Enjoyable Light-ish take on Larkin

Would you recommend this audiobook to a friend? If so, why?

This radio play is an enjoyable look at the poet Larkin in his early to mid career I guess. He is a librarian at Hull University, grouchy, beginning to experience success. He has been to London with Bob Conquest where they have pursued their drink and laddish pursuits. Larkin, as has been well written about, had a taste for (probably quite tame?) porngraphy and Conquest uses this to play a prank on Larkin. The play alludes to the darker , serious, sides of Larkin and one has the feeling that Larkin probably was like this. Outwardly affable, if slightly waspish, humorous and caustic in his observation. It is entertaining and benefits from marvellous performances all round. Larkin has been pretty lucky in his impersonators I reckon - Scarborough here, and Alan Bennett , and Hugh Bonneville on screen.

What other book might you compare Mr Larkin's Awkward Day to, and why?

Something like Alan Bennetts An Englishman Abroad. Because it is a well known personality, and it takes one incident and blows it up, to reveal essential things about the man.

What does the narrators bring to the story that you wouldn’t experience if you had only read the book?

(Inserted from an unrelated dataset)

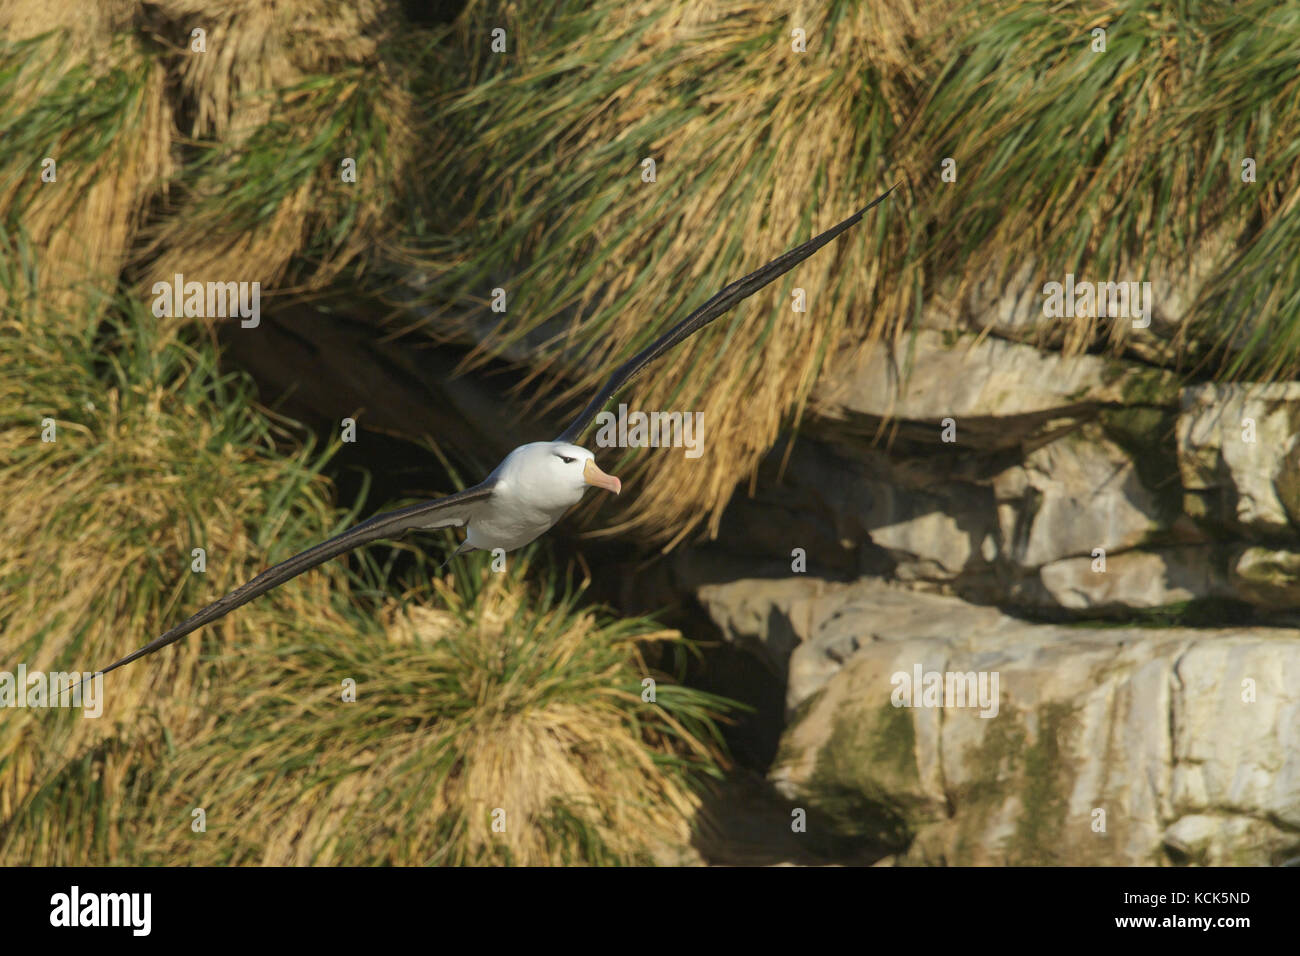 Black-browed Albatross (Thalassarche melanophris) at a nesting colony in the Falkland Islands. Stock Photo
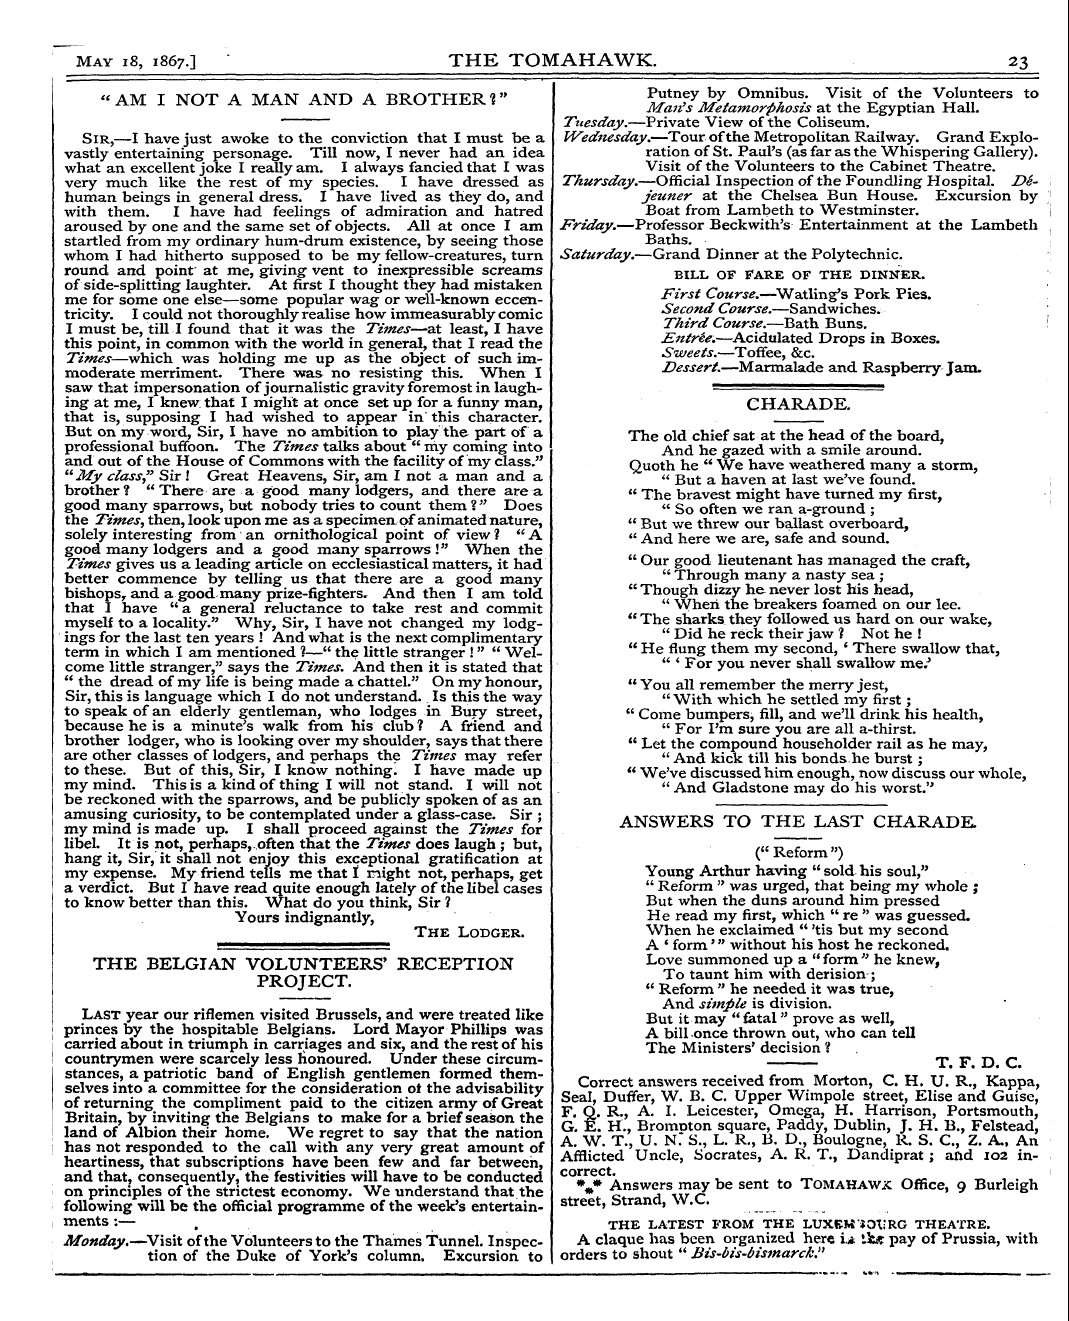 Tomahawk (1867-1870): jS F Y, 1st edition - Answers To The Last Charade.

Scarborough brings his acting skills to bear. Its probably wrong to think we all have this skill to create the drama so well in our heads.

Was there a moment in the book that particularly moved you?

When Ann Reids character is talking about her drinking, and her problems, and Larkin feels all the helplessness and sadness , one feels, not just of her situation, but his own , and of so many.